Le Sac

Derrière son comptoir, Jonas guettait la coopération du client: ôterait-il ses écouteurs? Contrairement à la croyance populaire, le métier de libraire exigeait des trésors de diplomatie. D’un doigt, Jonas se tapota l’oreille. La magie opéra, et il en profita pour poser sa question:
— Voulez-vous un sac?
— Euh... oui.
L'individu paya et sortit.

Après lui venait une femme dans la cinquantaine. Louise portait aujourd'hui un chemisier jaune pâle. D'habitude, elle revêtait un tailleur, mais là, elle était en congé. Elle déposa un livre sur le comptoir.
— Bonjour! dit Jonas.
— Bonjour!
— Ça fait vingt-deux tout juste.
— Parfait.

Louise dégaina son portefeuille de son sac à main et brandit une carte de crédit. Le caissier l’interrompit sur sa lancée.
— Un sac?

Peut-être lirait-elle son livre à la terrasse de ce café devant lequel elle passait chaque matin.

Par principe, Louise en achetait systématiquement un, même si elle se rendait à la voiture aussitôt. C’était plus pratique: si elle ajoutait une course imprévue à son programme? Tant pis pour l’amoncellement de sacs réutilisables dans le placard de l’entrée. La planète n'allait pas sombrer parce qu'elle, Louise, s’autorisait un sac supplémentaire. Quand les hyper-privilégiés cesseraient de se déplacer en jet privé, on en reparlerait.
Elle regarda le caissier dans les yeux et répondit:
— Oui, s'il te plaît.

Sur l’écran, Jonas compléta la transaction, puis désigna le terminal bancaire. Ensuite il s’empara du sac emblématique de la librairie. Carte en main, Louise contemplait la scène; elle plongea dans d'autres réflexions. Au fond, avait-elle vraiment besoin d'un sac? C'était le premier jour de ses vacances. Dehors, le soleil brillait. Une période de liberté se présentait, encore pleine de promesses. Peut-être lirait-elle son livre au parc ou — pourquoi pas — à la terrasse de ce café devant lequel elle passait chaque matin, sans jamais s'y arrêter. De là, elle pourrait flâner. Peut-être dénicherait-elle le cadeau d'anniversaire idéal pour son frère? Elle se procurerait même de quoi préparer un gâteau. Il serait surpris, ça oui!
Ainsi Louise décida-t-elle que non, assurément, elle n'avait pas besoin d'un sac; dorénavant, elle en choisirait un dans sa collection avant chaque déplacement.

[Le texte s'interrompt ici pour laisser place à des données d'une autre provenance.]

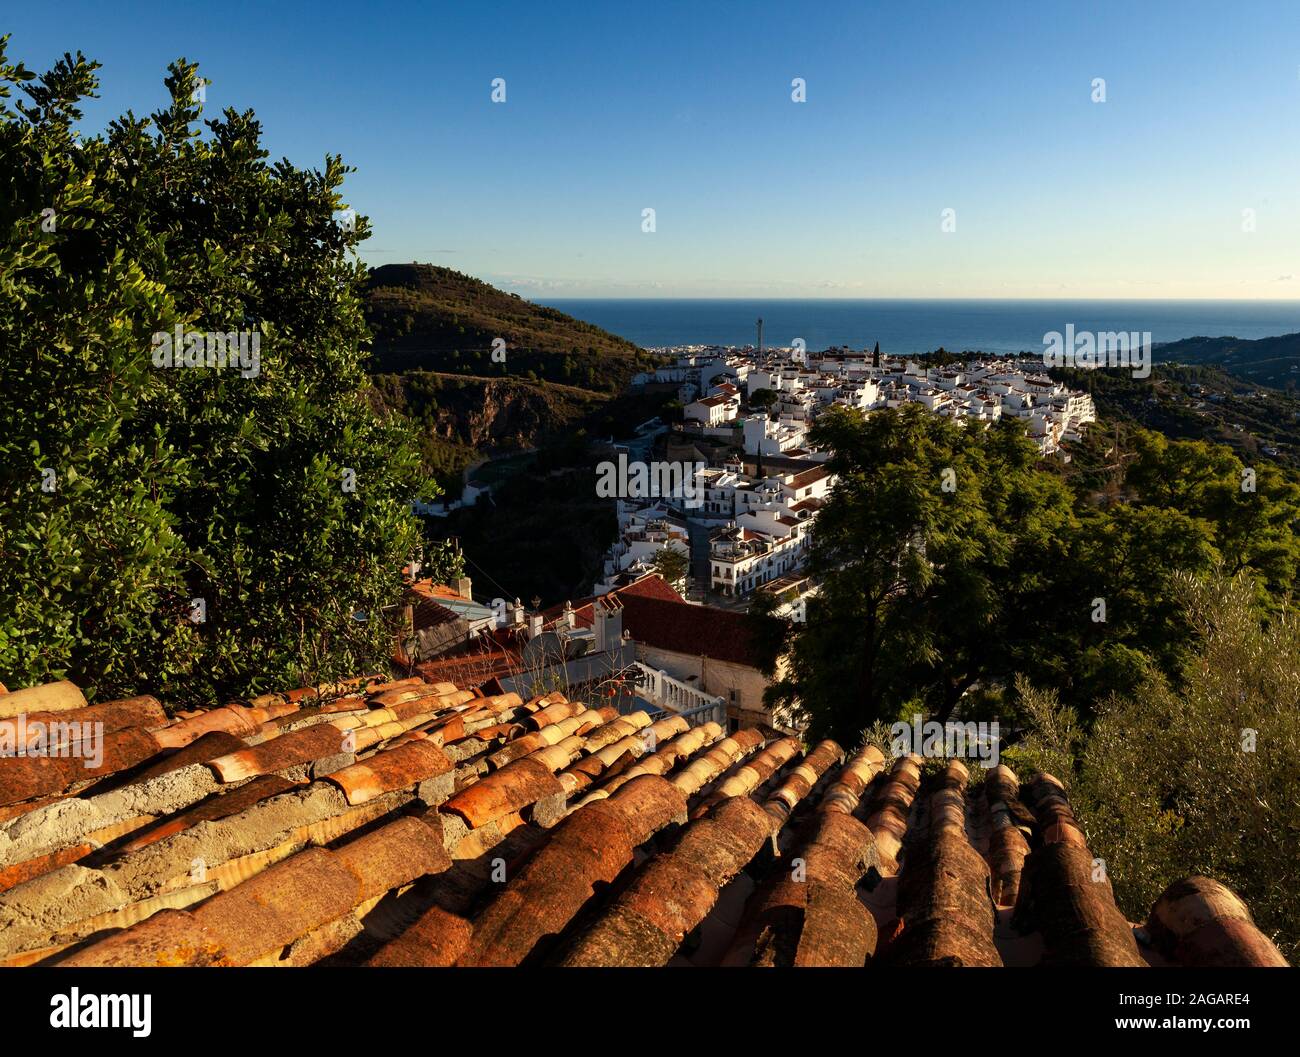 Des carreaux de terre cuite au-dessus de la nouvelle partie de la village blanc de Frigiliana en typique style Andalucían, province de Malaga, Andalousie, Espagne Banque D'Images

...entretemps, le caissier avait enfourné le livre dans le sac. Revenue à la réalité, Louise se retourna rapidement. Derrière elle, trois clients patientaient. Elle jaugea la situation. Pouvait-elle changer d'avis? Bien sûr que oui. En même temps, le sac était pas mal. En tissu beige, il figurait une tasse fumante juchée sur une pile de bouquins. En définitive, Louise se contenta d’appuyer sa carte de crédit sur le terminal.

Elle n'irait pas lire son livre au café.